Nordhausen zeigt: Wenn der Teufel nicht an die Wand gemalt und auf Wählerbeschimpfung verzichtet wird, kann die AfD gestoppt werden.

Klarer Sieger in Nordhausen: Amtsinhaber Kai Buchmann Foto: Matthias Bein/dpa

D ie knapp zehn Stimmenprozente, die Amtsinhaber Kai Buchmann bei der Nordhäuser Oberbürgermeister-Stichwahl vor dem AfD-Konkurrenten Jörg Prophet lag, sind ein wichtiges Zeichen. Denn in diesem Jahr scheinen die Republik und die sie beobachtenden Medien alle ein bisschen verliebt in die Apokalypse, nur auf den nächsten Erfolg der Partei der falschen Propheten zu warten.

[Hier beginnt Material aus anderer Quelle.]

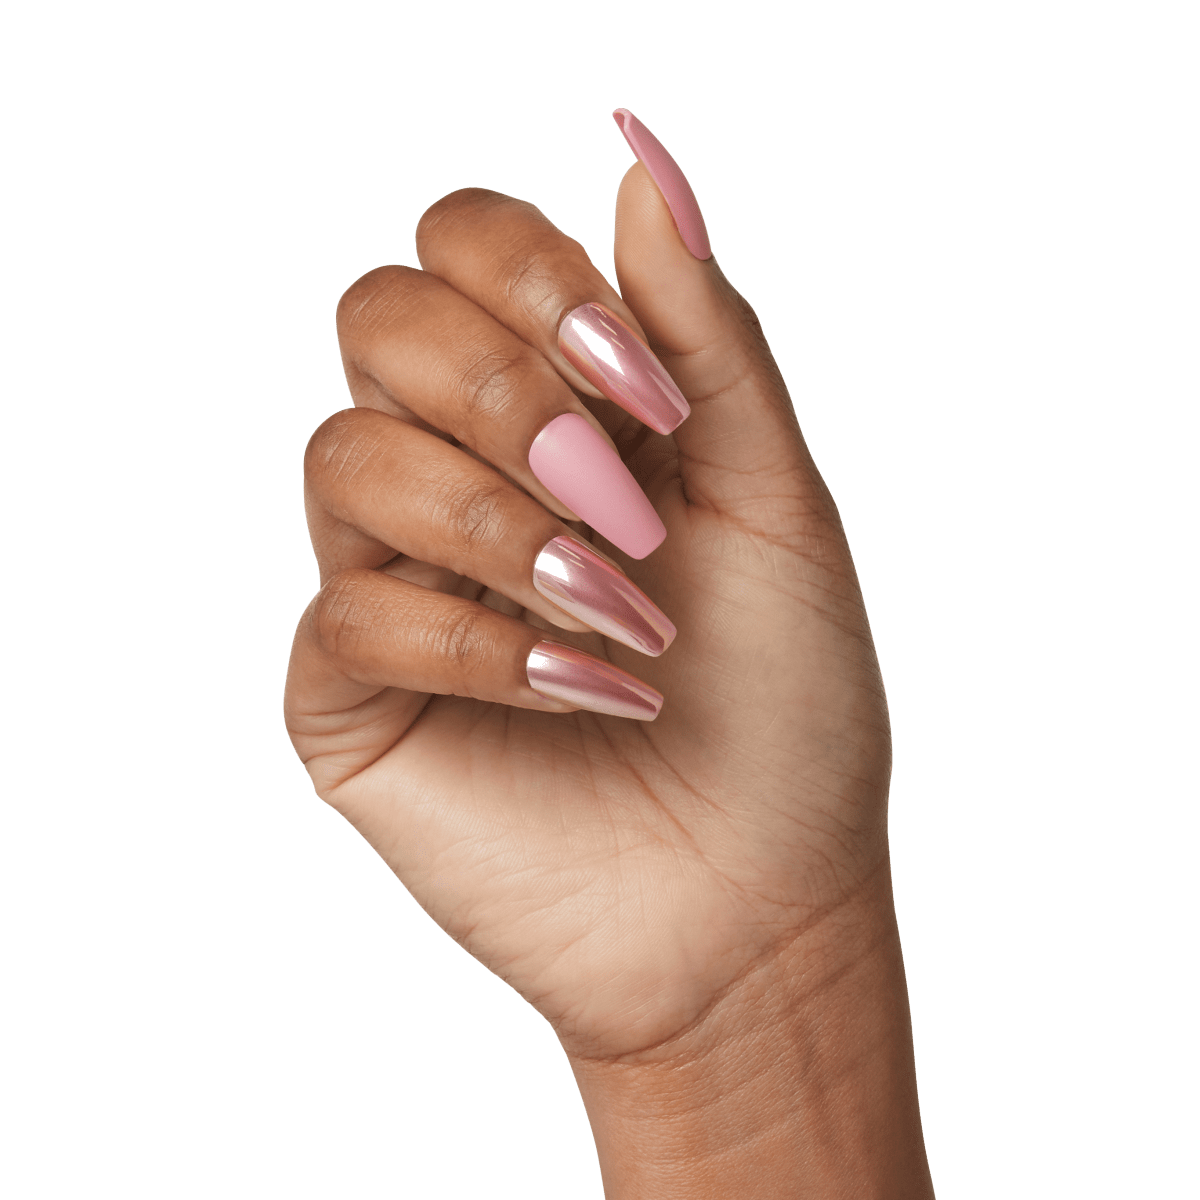 25+ Examples Of Square Nails & Why I Always Choose Square | Gorgeous nails,  Stylish nails art, Hot nails
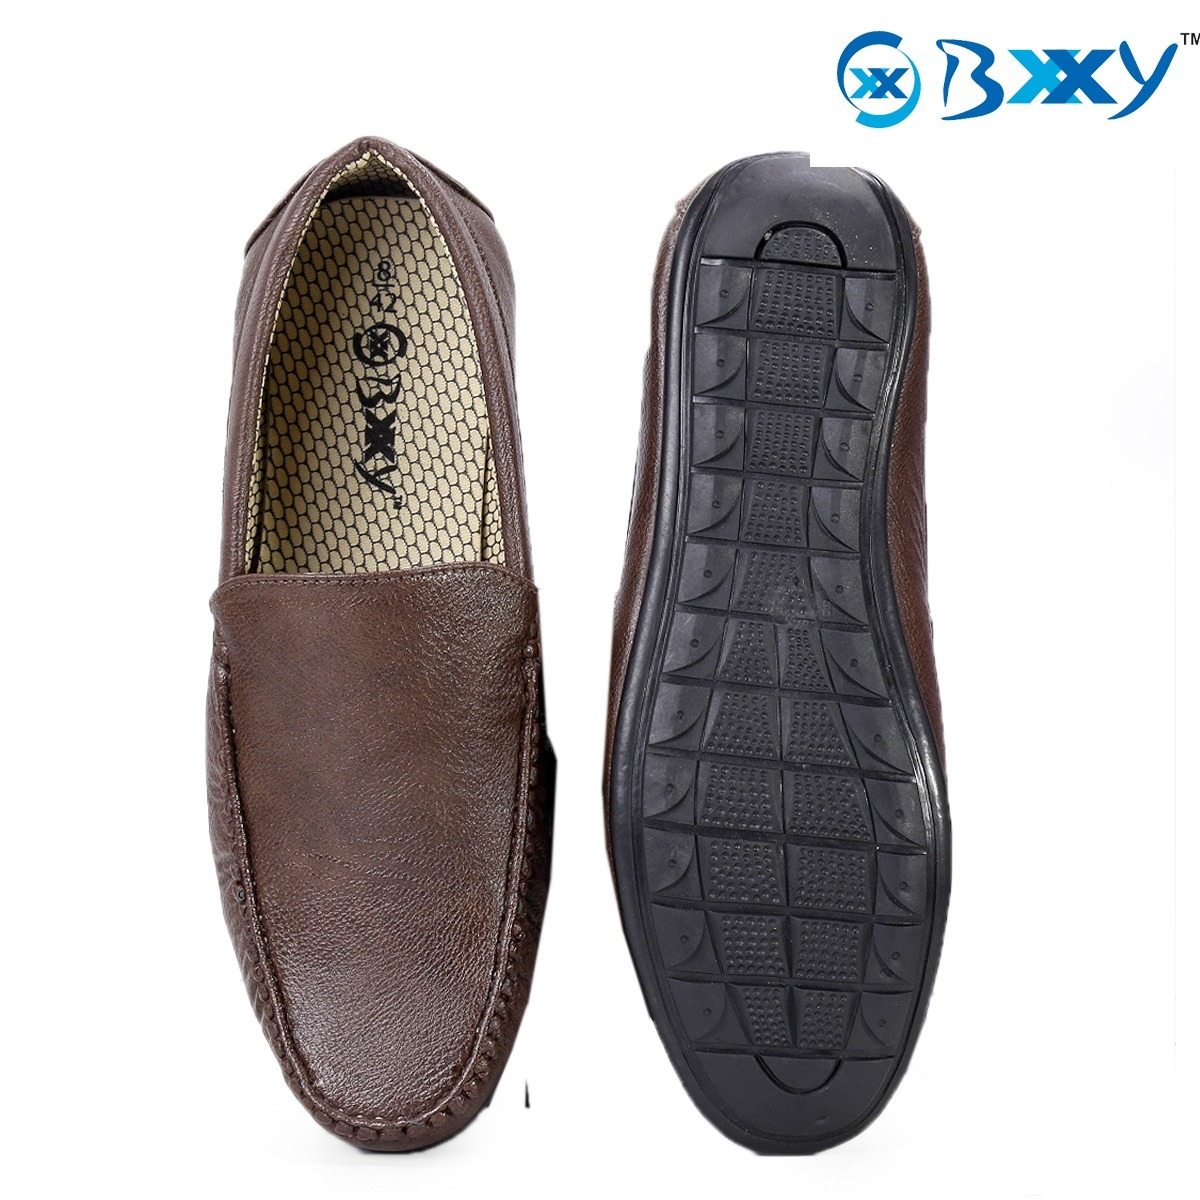 MEN'S LOAFERS SHOES

Es ist aber gerade kein Naturgesetz, dass die Partei, deren einziges Alternativangebot im Gestern besteht, einen „Marsch durch die Institutionen“ antritt. Einen Schlüsselposten nach dem anderen schienen jetzt die Blaubraunen zu erobern, zuletzt Robert Sesselmann den des Landrats im südthüringischen Sonneberg. Der Bürgermeister im sachsen-anhaltischen Raguhn-Jeßnitz folgte. Bis man sich dereinst an die Normalität von AfD-Amtsinhabern gewöhnt haben würde?

Es geht auch anders, zeigt Nordhausen. Selbst dann, wenn der AfD-Mann nach dem ersten OB-Wahlgang mit 42,1 Prozent als uneinholbarer Favorit galt. Überdies hatte der SPD-Landrat Amtsinhaber Buchmann zuvor wegen Mobbingvorwürfen suspendiert; erst im August wurde er gerichtlich rehabilitiert.

In Nordhausen haben die Nichtrechten etwas besser gemacht als die Sonneberger. Es hat sich ausgezahlt, nicht zu einer Wähler-Einheitsfront „Alle gegen die AfD“ aufzurufen, nicht den Teufel an die Wand zu malen. Schlimme Prophezeiungen, deren Erfüllung man indirekt und insgeheim voraussetzt, nutzen einem „Prophet“ nur. Es gab mit Ausnahme der Grünen nur Aufrufe zu möglichst breiter Wahlbeteiligung, denen immerhin 59,3 Prozent folgten. Ein guter Wert für eine Kommunalwahl.

Emotionen bremsen

Man habe an die Mündigkeit und Reife der Nordhäuser appelliert, sagt der bis 2017 für die CDU amtierende Oberbürgermeister Klaus Zeh. „Mobilisiere nicht deine Gegner und beschimpfe nicht die Wähler“, habe stets für seine Wahlkämpfe gegolten. Das könnte als Rezept für anstehende weitere Kommunalwahlen bedacht werden. Wofür freilich Emotionen gebremst werden müssten, die speziell gegenüber der in Thüringen als rechtsextrem eingestuften Höcke-AfD verständlicherweise hochkochen.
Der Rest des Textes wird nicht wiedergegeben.